As anyone who has read Embers will know Marai is a very gifted writer and this memoir is an absolute delight to read.It is full of brilliant insights and perhaps gives the reader a better idea of what life was like in an East European city in the post war era compared to historical studies.I particulary enjoyed the sections in the book where he recounts his dealings with the Russian soldiers who "liberated" Hungary.
There is only one sadness attached to this book and that is that Marai has only the 3 books available in English.He was a prolific author and if Embers,Converstaions in Bolzano and this memoir are anything to go by he is a writer of great quality and I would gladly read anything he has written.So come on publishers show a bit of initiative and get more of this great twentieth century Hungarian writer into translation.

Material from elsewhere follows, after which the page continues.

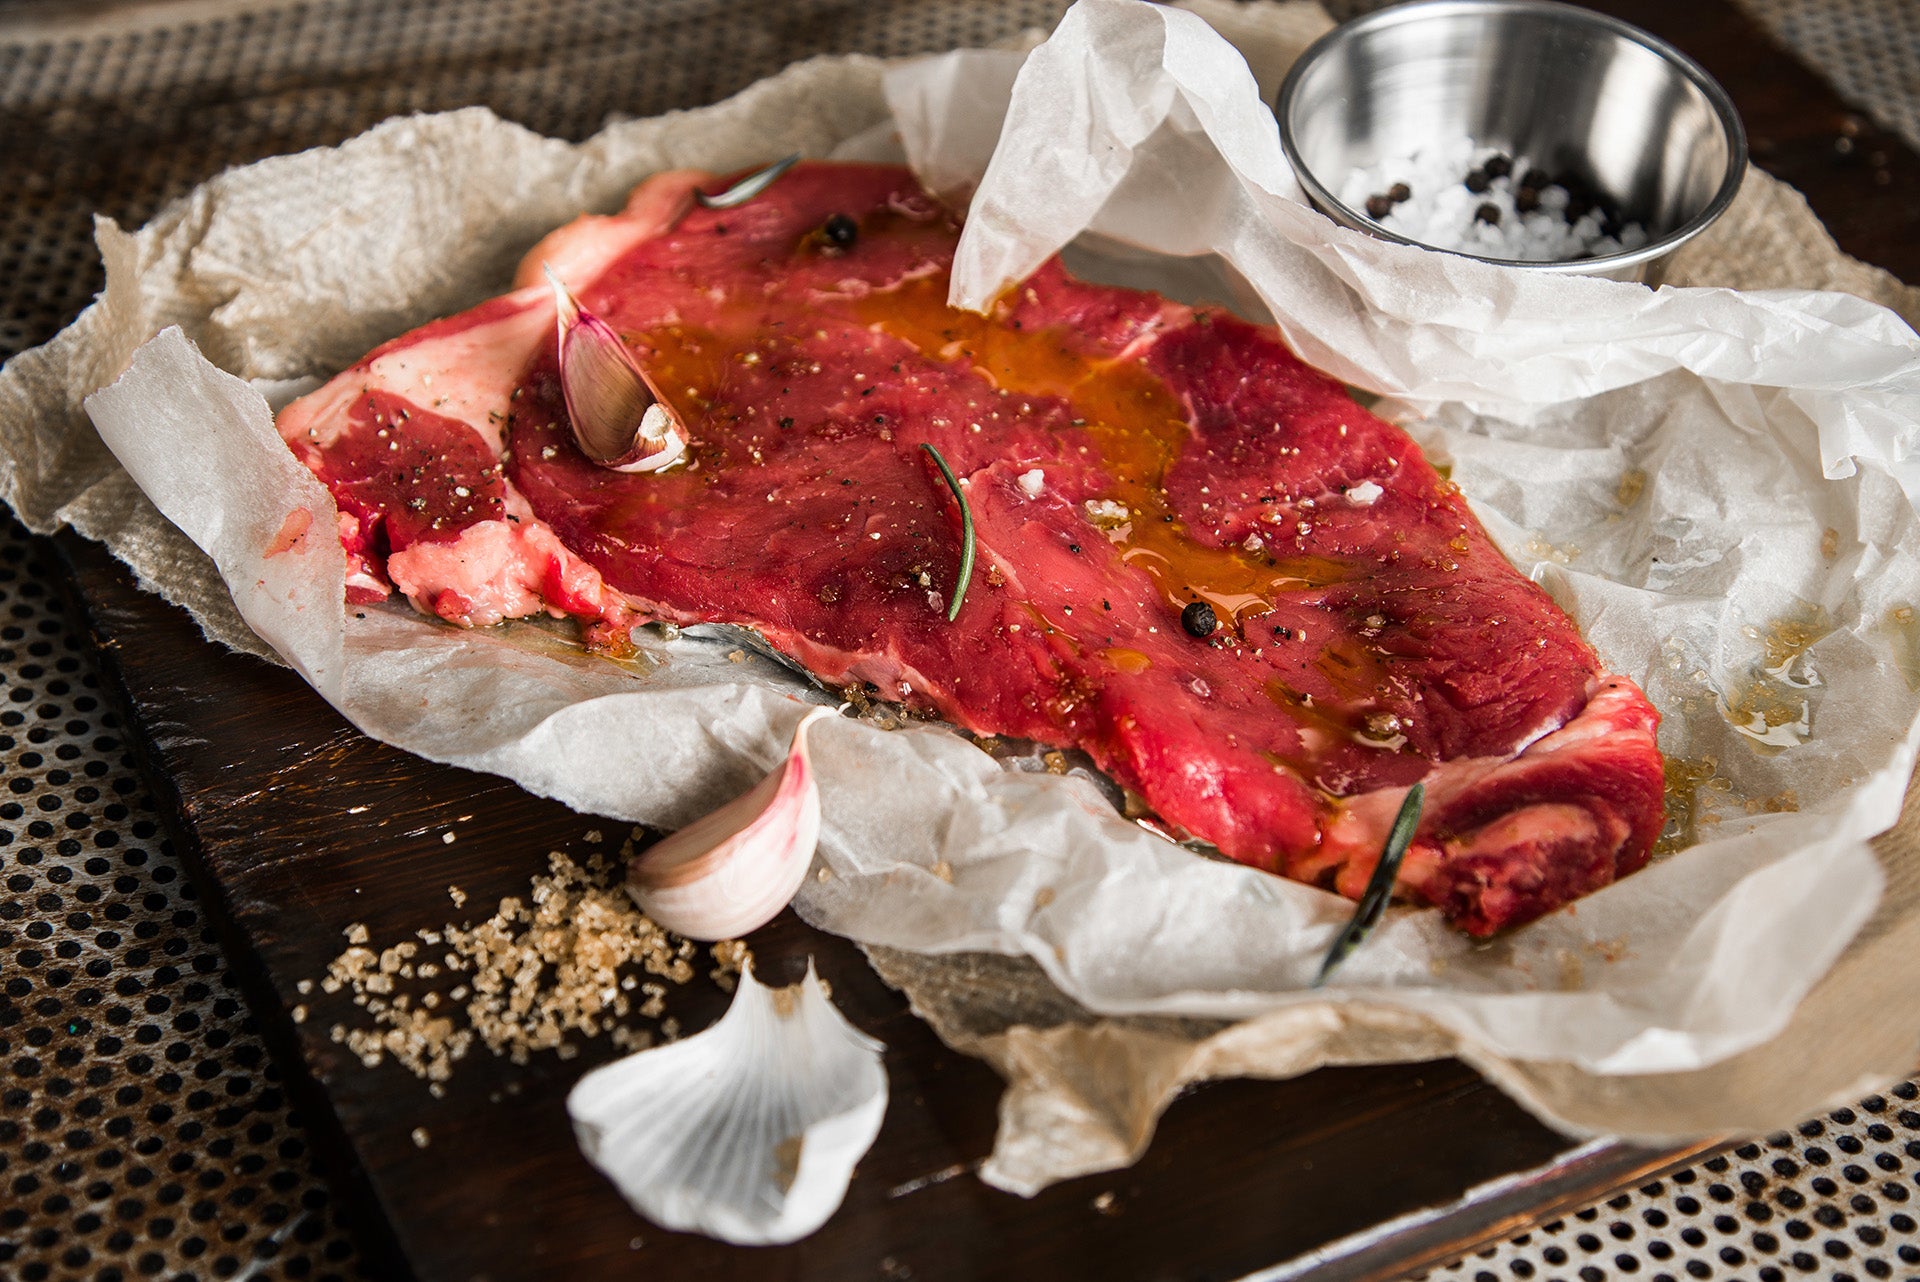 Raw meat pieces on wooden cutting board with oil, spices, marinade

Fine account of the Red Army occupation of Budapest  Apr 10, 2004
I cannot improve on the review below, but I can try to help by summarizing a few important points about this book. The reason why it gets five stars is the author's fascinating personal account of the Soviet Army's occupation of Budapest in 1944-1945 and of the cultural clash between Soviet soldiers and the Hungarian bourgeois. This makes up the first third of the book (113 pages). The other two-thirds of the book cover the aftermath of the destruction of Budapest, and the increasing Communist stranglehold on society ending in Marai's flight to Switzerland. These latter parts are not bad, but not as good; they sometimes drag a bit, with Marai tending to entwine himself in navel-gazing intellectual discourse from which a better editor might have rescued him.